Would you please repeat exactly the entries below, starting at the line with "Bientôt un soutien-gorge" and ending at the line with "Museu Oscar Niemeyer", and nothing outside that range? Leave out the pictures.

- Data extracts:
§ §
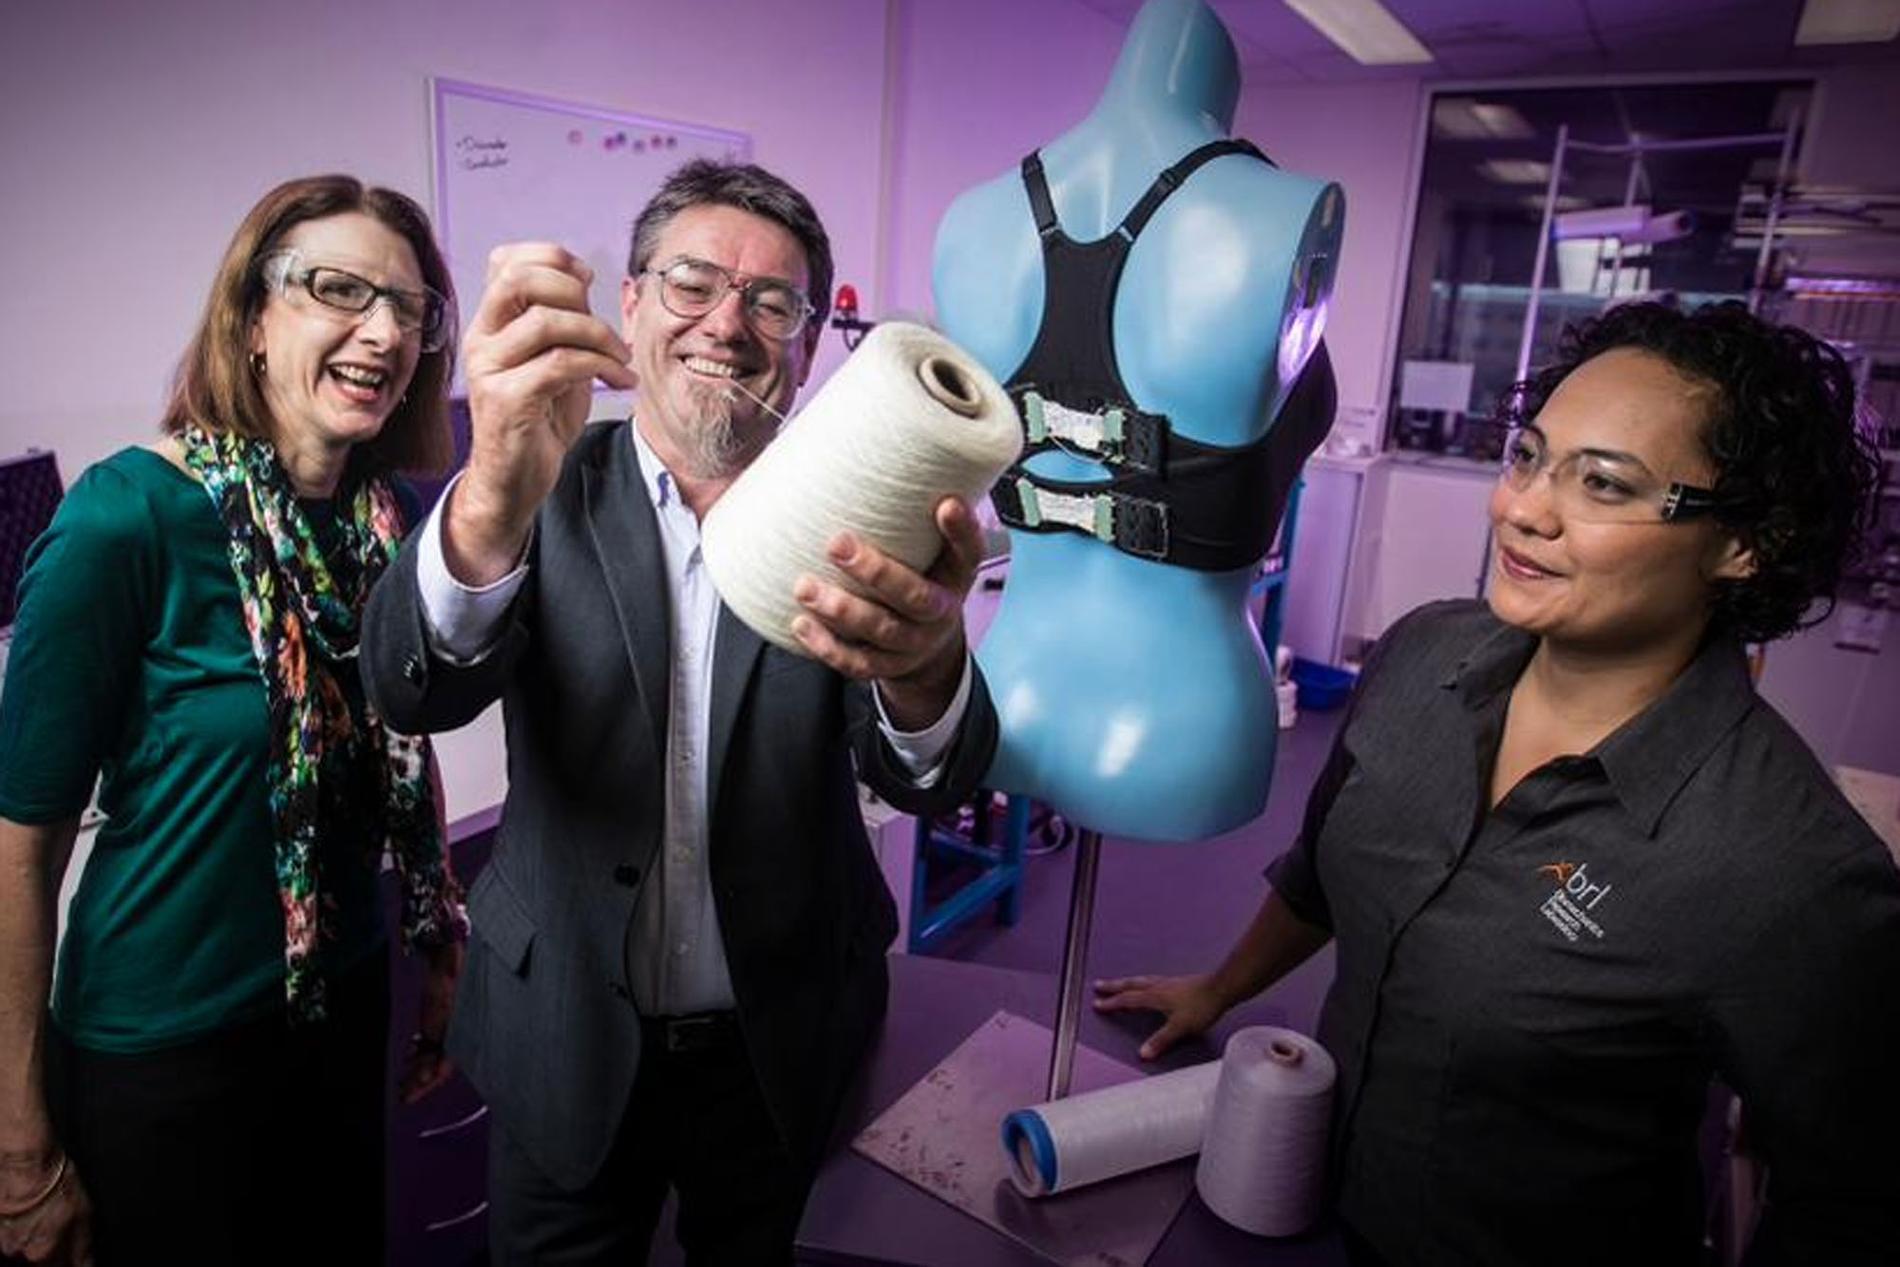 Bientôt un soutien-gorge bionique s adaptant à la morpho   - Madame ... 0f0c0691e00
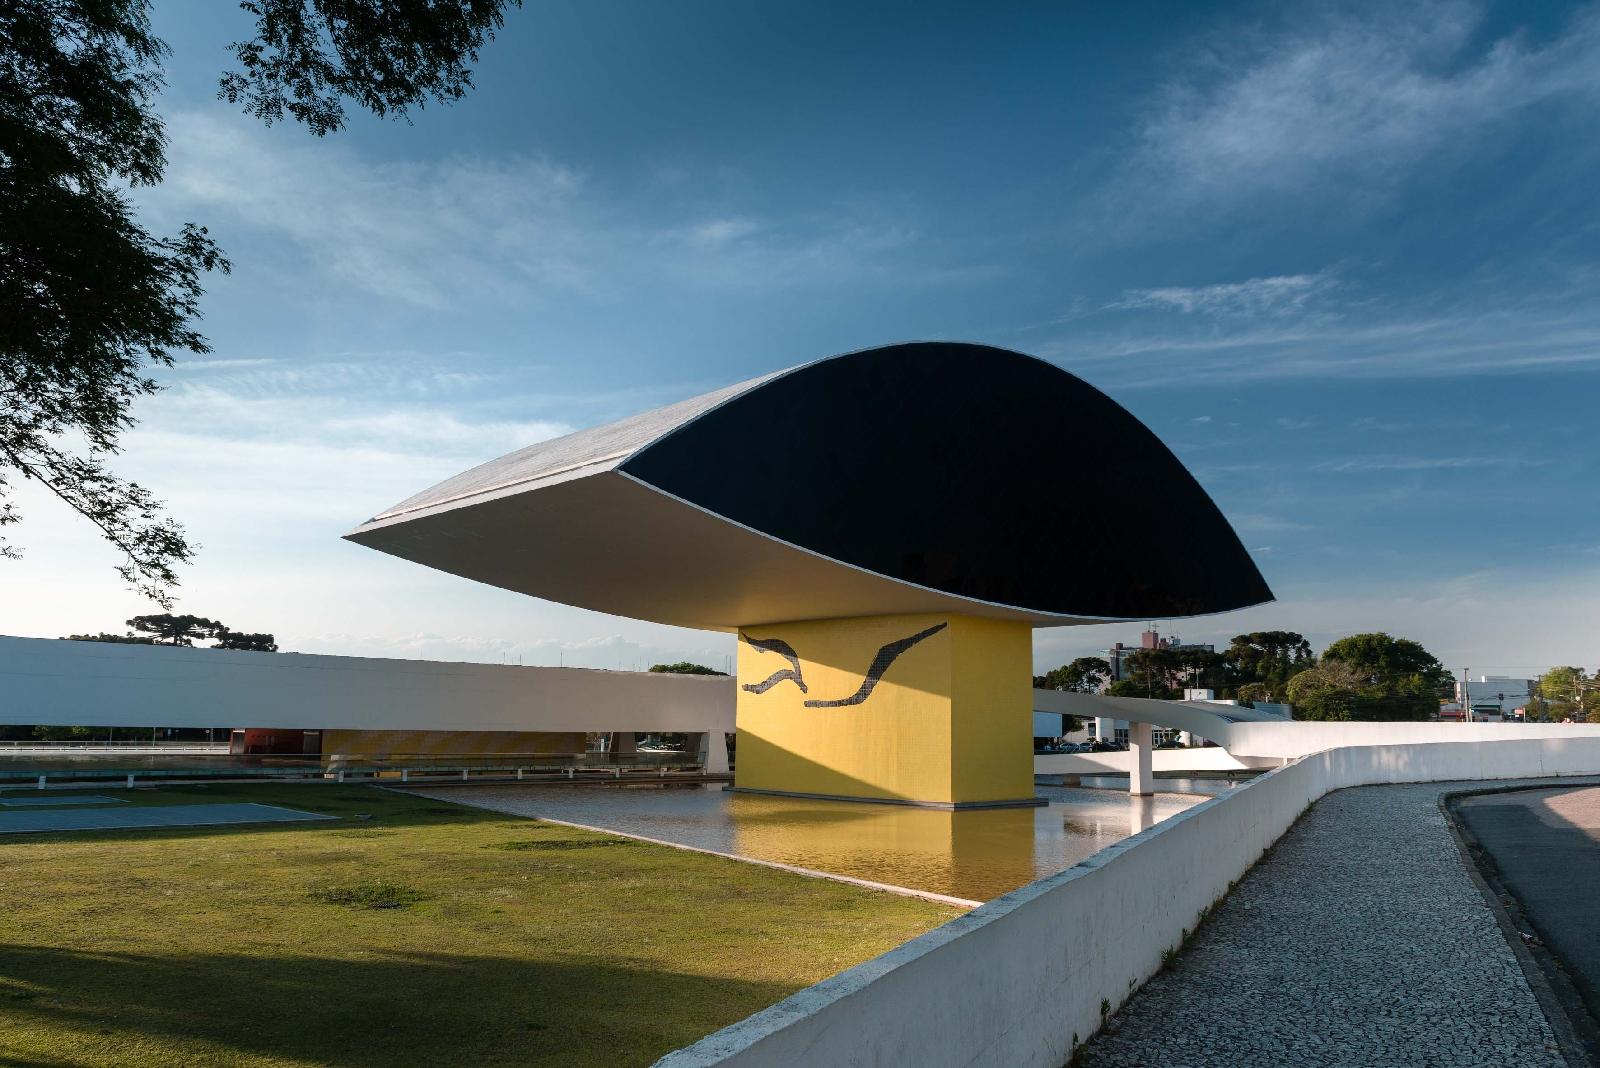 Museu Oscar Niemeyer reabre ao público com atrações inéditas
§ §
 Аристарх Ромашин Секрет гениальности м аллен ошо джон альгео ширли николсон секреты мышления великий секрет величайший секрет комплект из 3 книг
§ §
- Answer box:
 Bientôt un soutien-gorge bionique s adaptant à la morpho   - Madame ... 0f0c0691e00
 Museu Oscar Niemeyer reabre ao público com atrações inéditas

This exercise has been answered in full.